Publication year - 2007
Publication title -
the faseb journal
Language(s) - English
Resource type - Journals
SCImago Journal Rank - 1.709
H-Index - 277
eISSN - 1530-6860
pISSN - 0892-6638
DOI - 10.1096/fasebj.21.6.a1217-c
Subject(s) - gene isoform , connexin , immunolabeling , microbiology and biotechnology , cheek pouch , gap junction , biology , endothelium , anatomy , cell , hamster , chemistry , immunohistochemistry , biochemistry , intracellular , gene , endocrinology , immunology
Endothelial cells (EC) have been implicated in providing the pathway for conducted vasodilation.
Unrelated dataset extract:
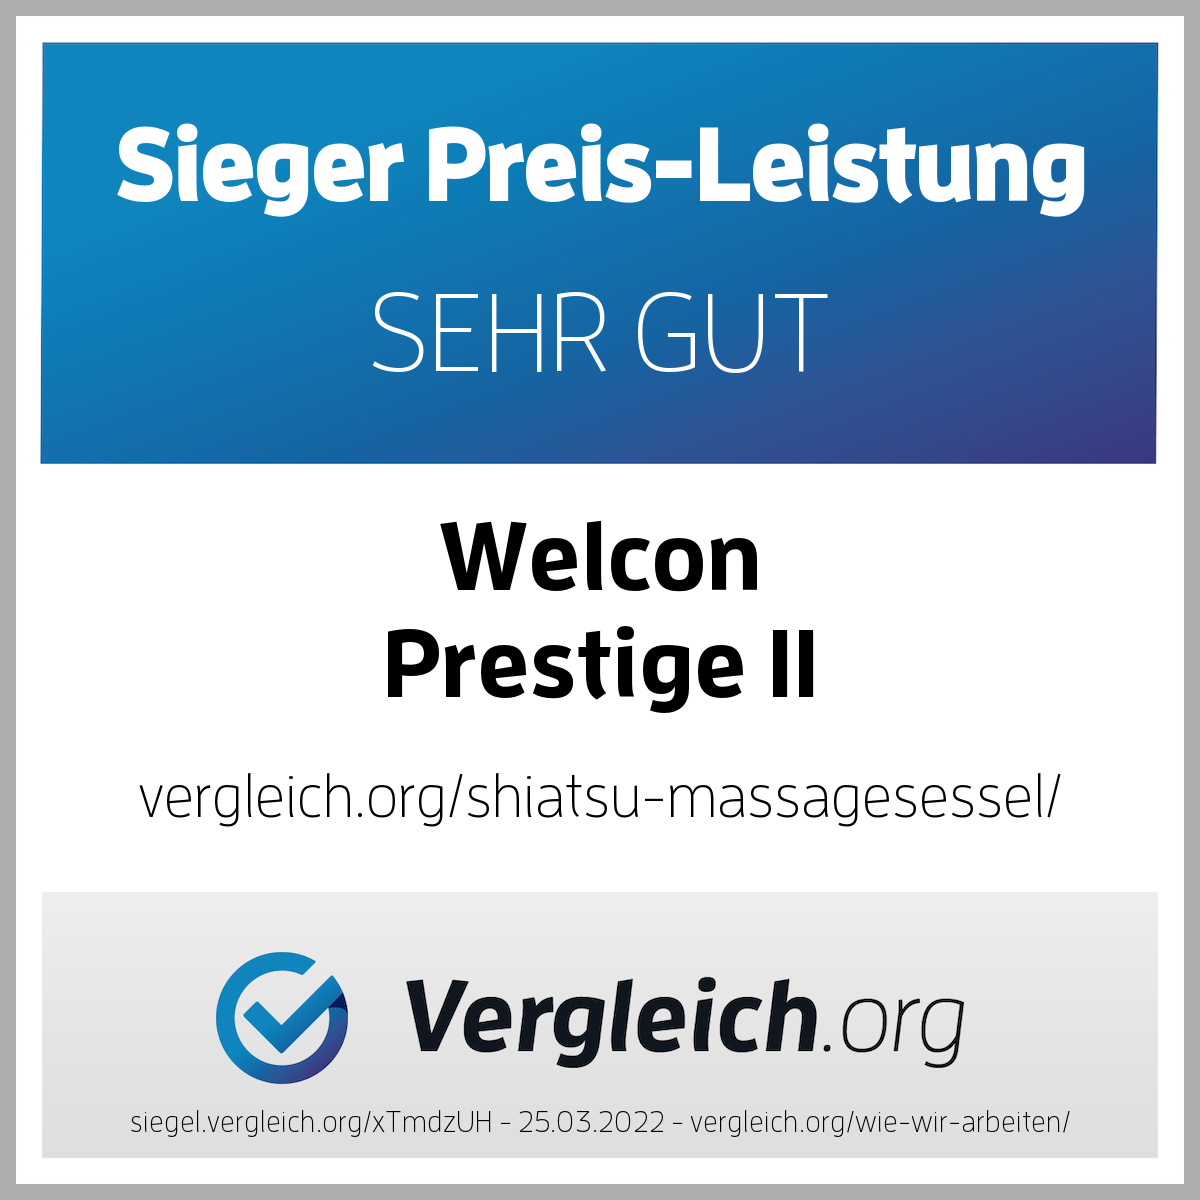 Massagesessel WELCON Prestige II BLACK EDITION in schwarz - Sale

A complementary role for smooth muscle cells (SMC) remains controversial, in part due to lack of quantitative measurements of Cx expression in respective cell layers. Our goal here was to quantify the expression of Cx isoforms in EC and SMC from hamster cheek pouch arterioles (CPA) and retractor feed arteries (RFA). Microvessels were dissected, dissociated, and SMC (300–400 cells) or EC (6–10 tubes) were collected to generate cDNA. Following reverse transcription, qRT‐PCR was performed for Cx37, Cx40, Cx43, PECAM‐1 and smooth muscle α‐actin (SMAA). Transcript copy numbers were similar for each Cx isoform in EC from CPA and RFA (~0.5 Cx/PECAM‐1) and relatively higher (P<0.05) than those in SMC (<0.1 Cx/SMAA). In contrast, Cx43 transcript in SMC from small intestine approached levels in EC (~0.4 Cx43/SMAA). Punctate immunolabeling for Cx was robust at cell borders of EC tubes and intestinal SMC but undetectable in SMC of CPA or RFA. We conclude that EC are the principal site of Cx expression in CPA and RFA. Low Cx expression in SMC may reflect discrete homocellular and myoendothelial gap junctions. (Support: HL41026, HL56786, HL32469).